Exercise input:
━━━

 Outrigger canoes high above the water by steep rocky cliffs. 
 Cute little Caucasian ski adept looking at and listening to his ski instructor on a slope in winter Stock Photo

━━━

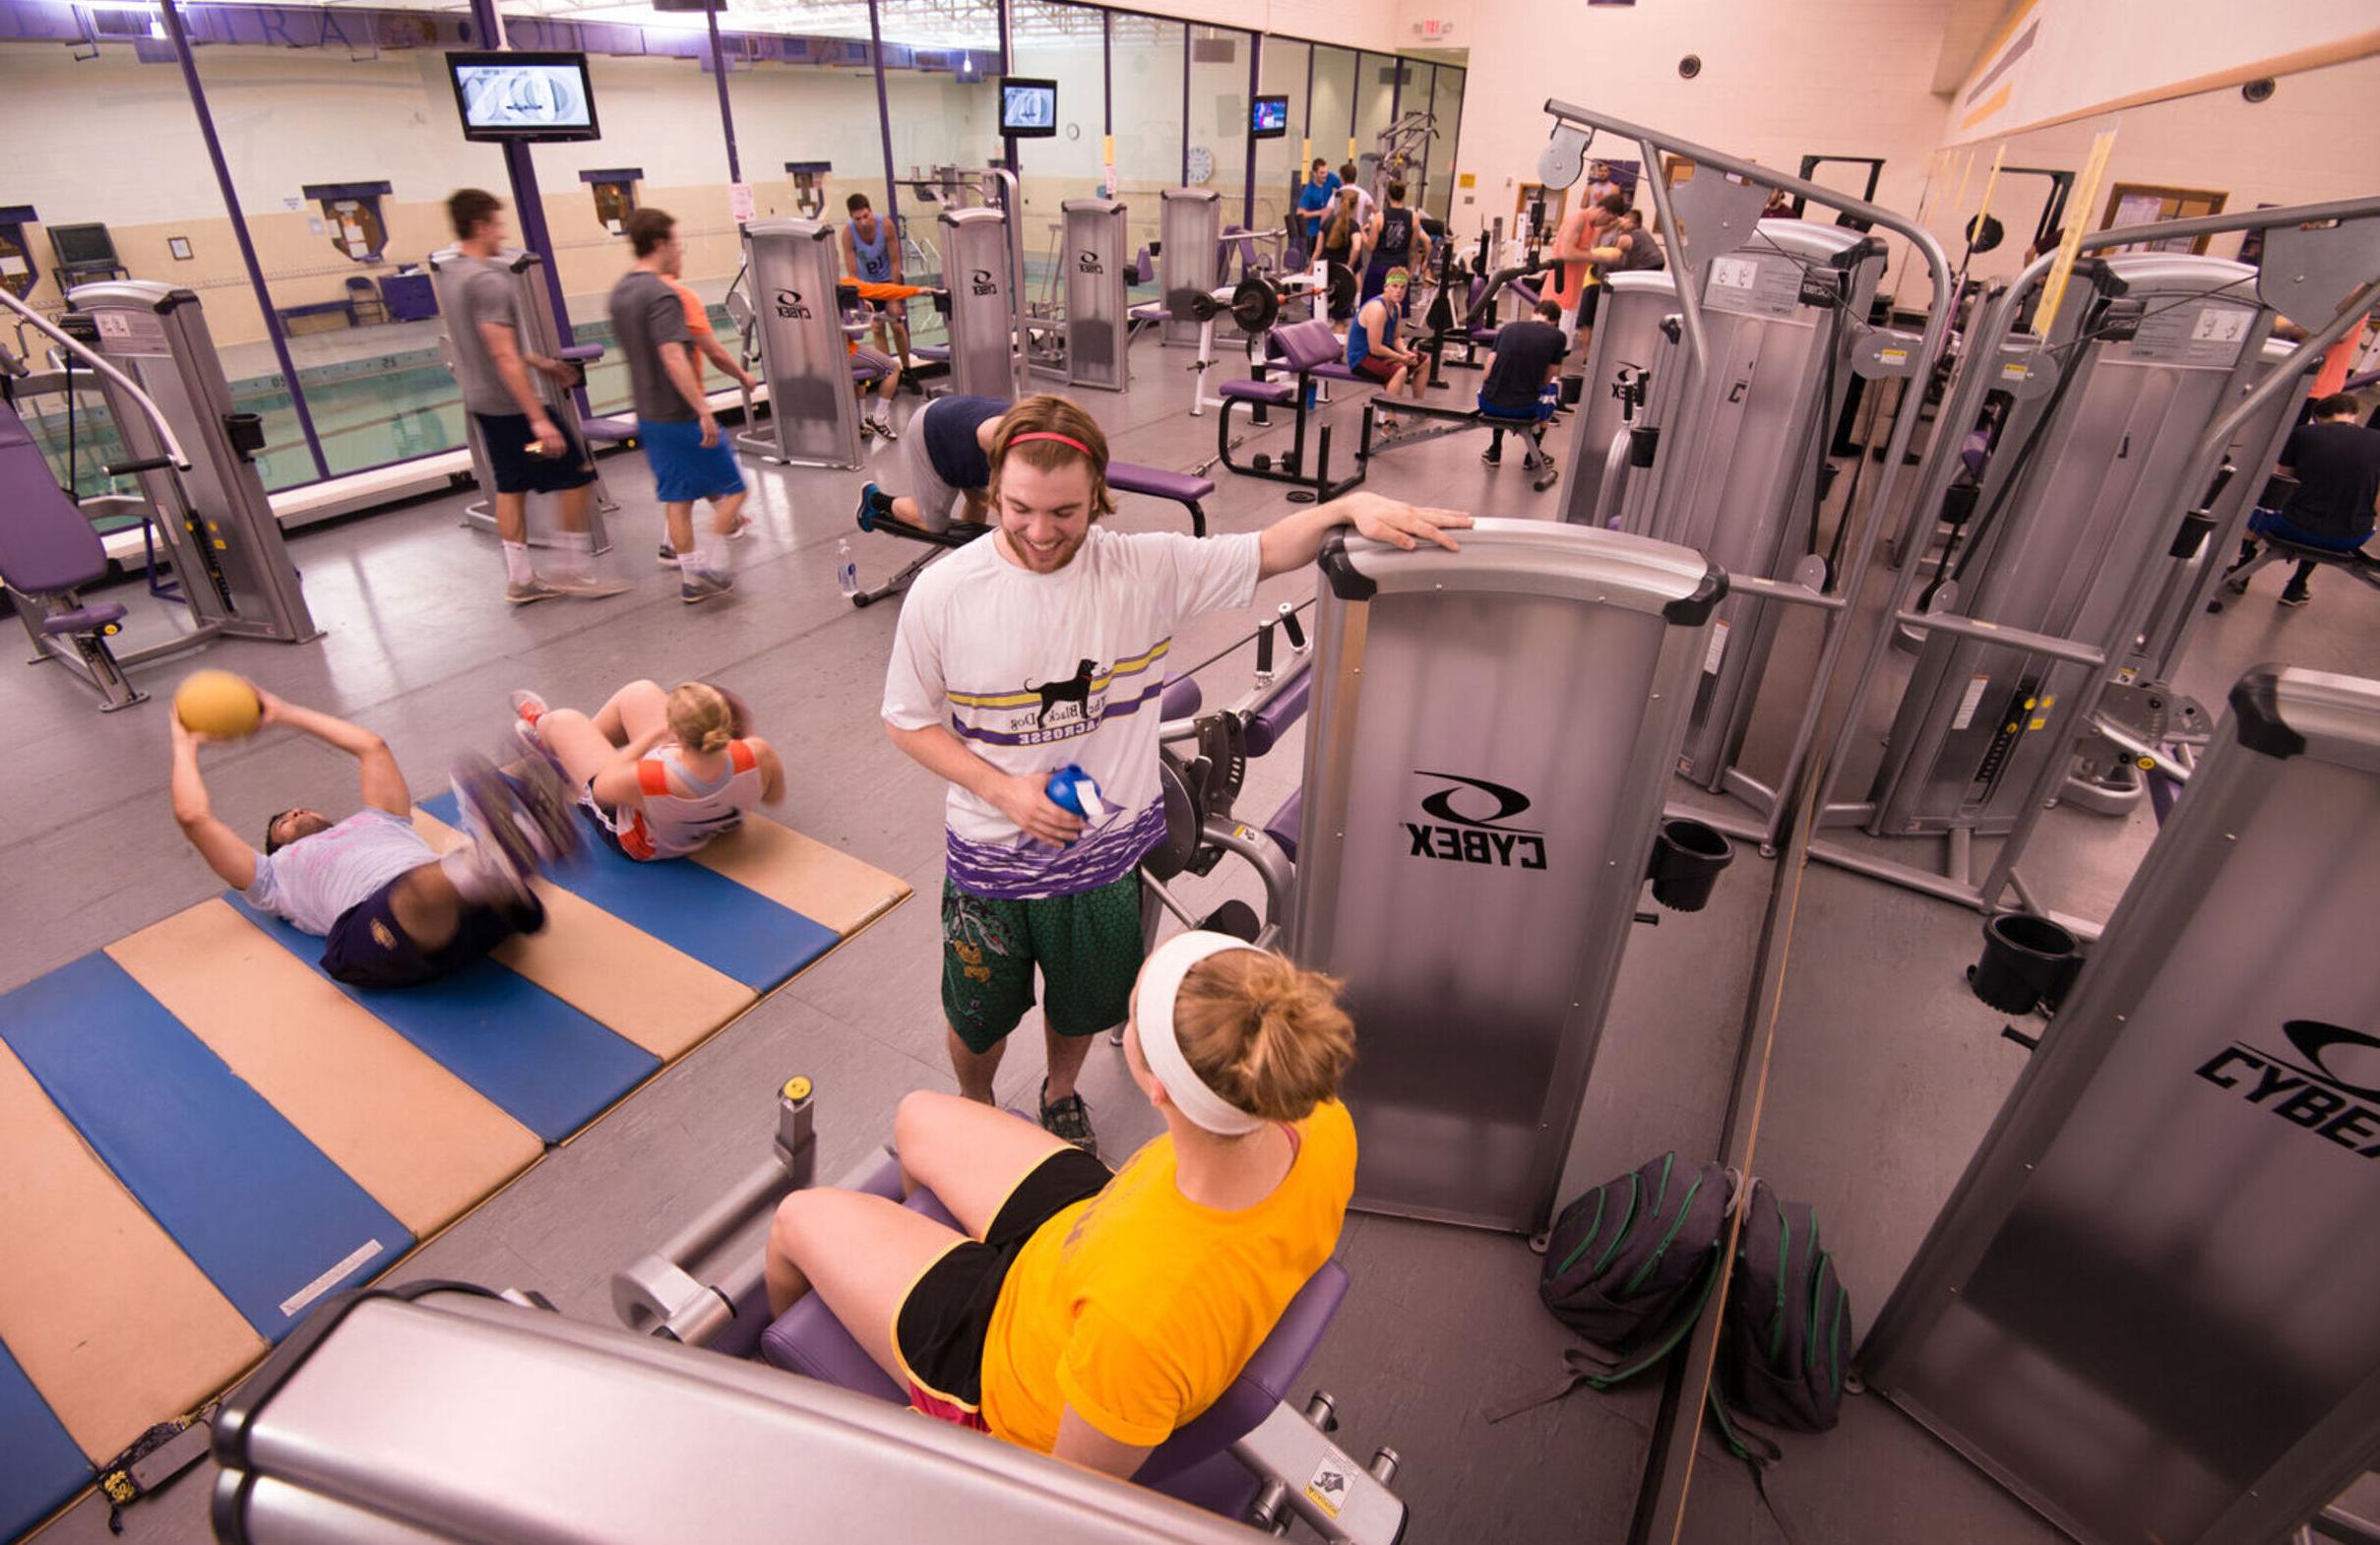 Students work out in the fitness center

━━━

Since only part of the listing is wanted, copy exactly the lines from the one holding "Outrigger canoes high" to the one holding "Cute little Caucasian", both included.

 Outrigger canoes high above the water by steep rocky cliffs. 
 Cute little Caucasian ski adept looking at and listening to his ski instructor on a slope in winter Stock Photo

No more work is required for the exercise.